In the parking lot Elgin has turned on the car, his high beams slicing through the forest.
“Elgin thinks you’re lonely,” she says, staring at me like she’s looking for a reaction.
“I’m sad about Max.” I can hear hip hop playing from the car and I take a step toward the music.
“I mean lonely all the time.” Kate’s smile is gone. “You should know, Elgin is being nice to you because he feels bad.”
“That’s not true,” I say, looking Kate in the eye.
“He feels bad for you.”
“We’re friends.”
“He’s not your friend. He’s nice to everyone. He’s just that kind of guy,” Kate says, and now she’s smiling again, gently the way someone would if they were talking to a child. “I just don’t want you to be confused.
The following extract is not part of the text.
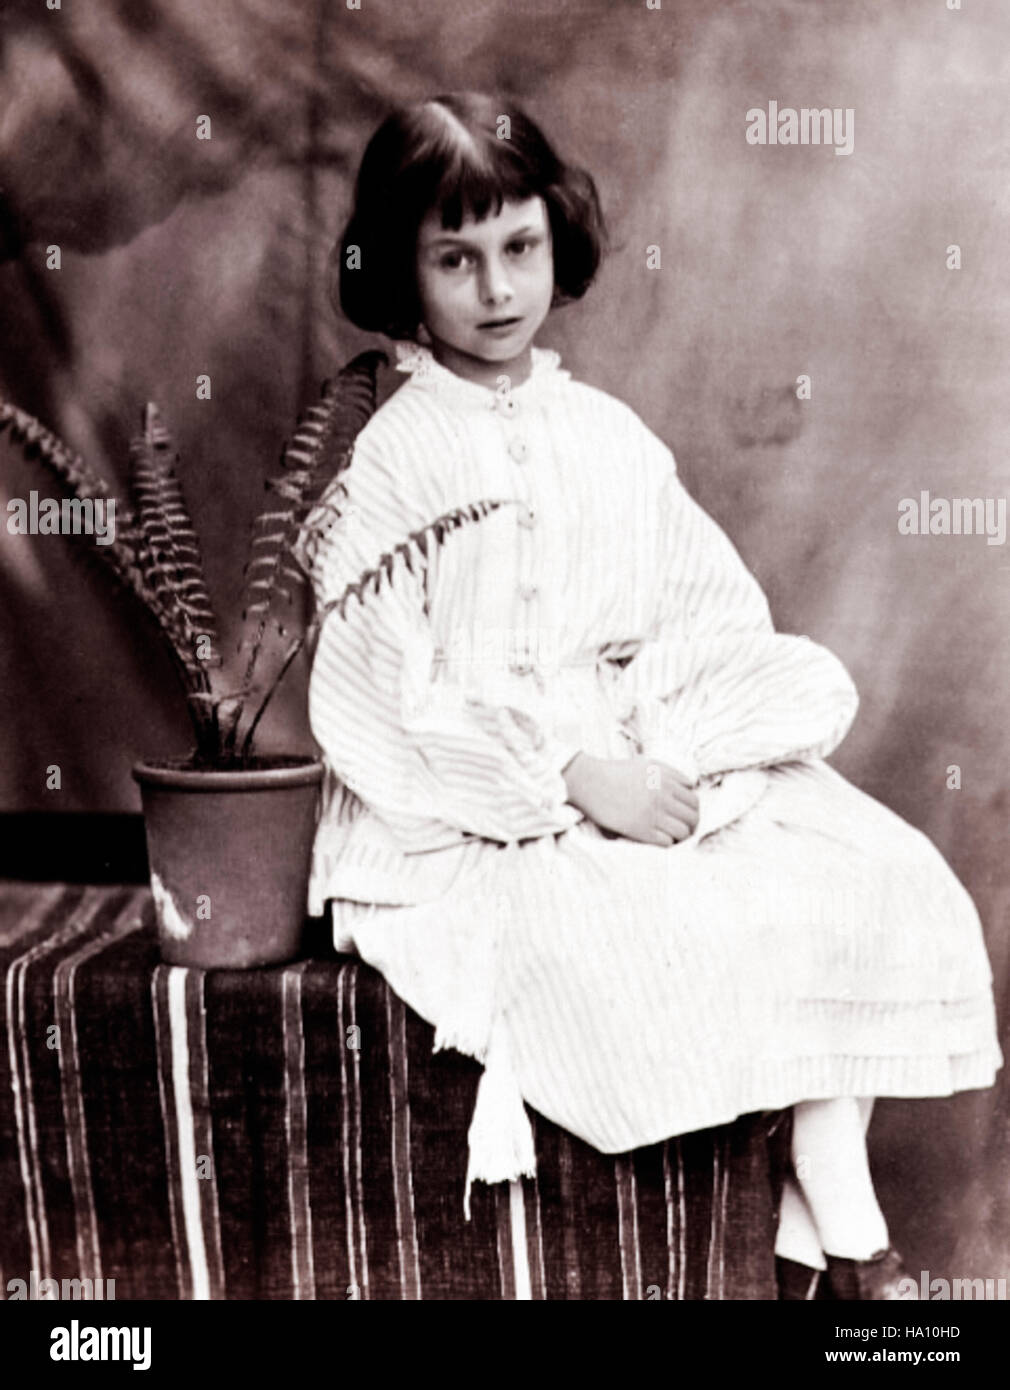 Alice Liddell (1852-1934) de 7 años, fuente de inspiración de las aventuras de Alicia en el país de las maravillas por Lewis Carroll, fotografía por Charles Lutwidge Dodgson (aka Lewis Carroll) en 1860. Foto de stock

That’s why I’m telling you this.” She reaches out to rub my arm, but I pull away from her.
Elgin is making his way back from the parking lot, the headlights blacking him out. “Are you guys coming or what?”
ELGIN SAYS WE SHOULD go to Mosquito Creek to get out of the heat. It’s too hot for late September — Indian summer. Everyone’s prickly from it. We sleep late, skip classes. So far no one has missed us. We spend the morning in bed together eating dry cereal. The milk’s gone bad. Elgin keeps the bedroom window shut against the highway noise and all I hear are our feet in the sheets and his deep breathing. We’ve had sex seventeen times. I keep track in my agenda book with a small x no one could decipher.
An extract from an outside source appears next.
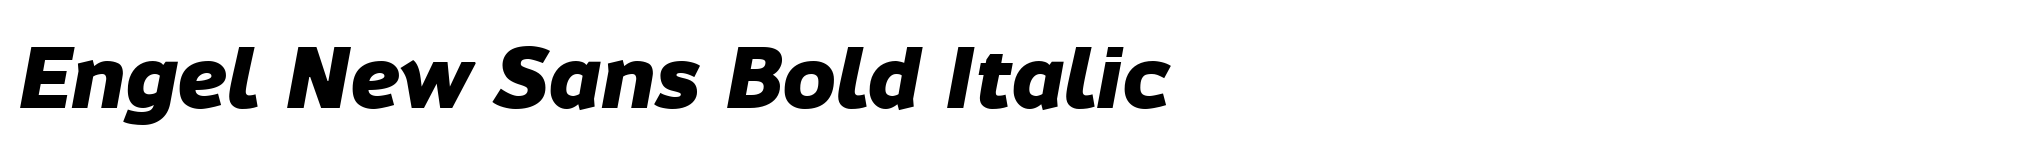 Engel New Sans Bold Italic image

After his mom leaves for work — I wait for the shower, the teakettle, the mug in the sink, the car out of the driveway — I get up and Elgin stays in bed. He loves to sleep. The most he’s ever slept is twenty-six hours straight, the night after his stepdad left. He told me he slept deeply, like someone had knocked him out. He says he never has dreams and I tell him that’s impossible. Even dogs dream.
While he sleeps I look around the house. There’s not much that’s interesting, but it’s not about finding something secret or dirty. I open the same boxes and drawers and find the same things. All their windowsills have my finger marks through the dust. The bedrooms are always messy. His mom’s closet smells like body odour and something else — maybe the peppermint candies she’s always sucking. They never have any fruit. I’ve only ever seen Elgin eat cereal and microwaved sausage rolls dipped in ketchup. The couch has deep sags, like there are invisible bodies watching TV. I don’t know why it’s exciting — maybe because it’s not mine. Sometimes I feel like I’m not really here. It’s like being a ghost or a tourist. Sometimes I think about Kate’s bare feet in the exact same spots.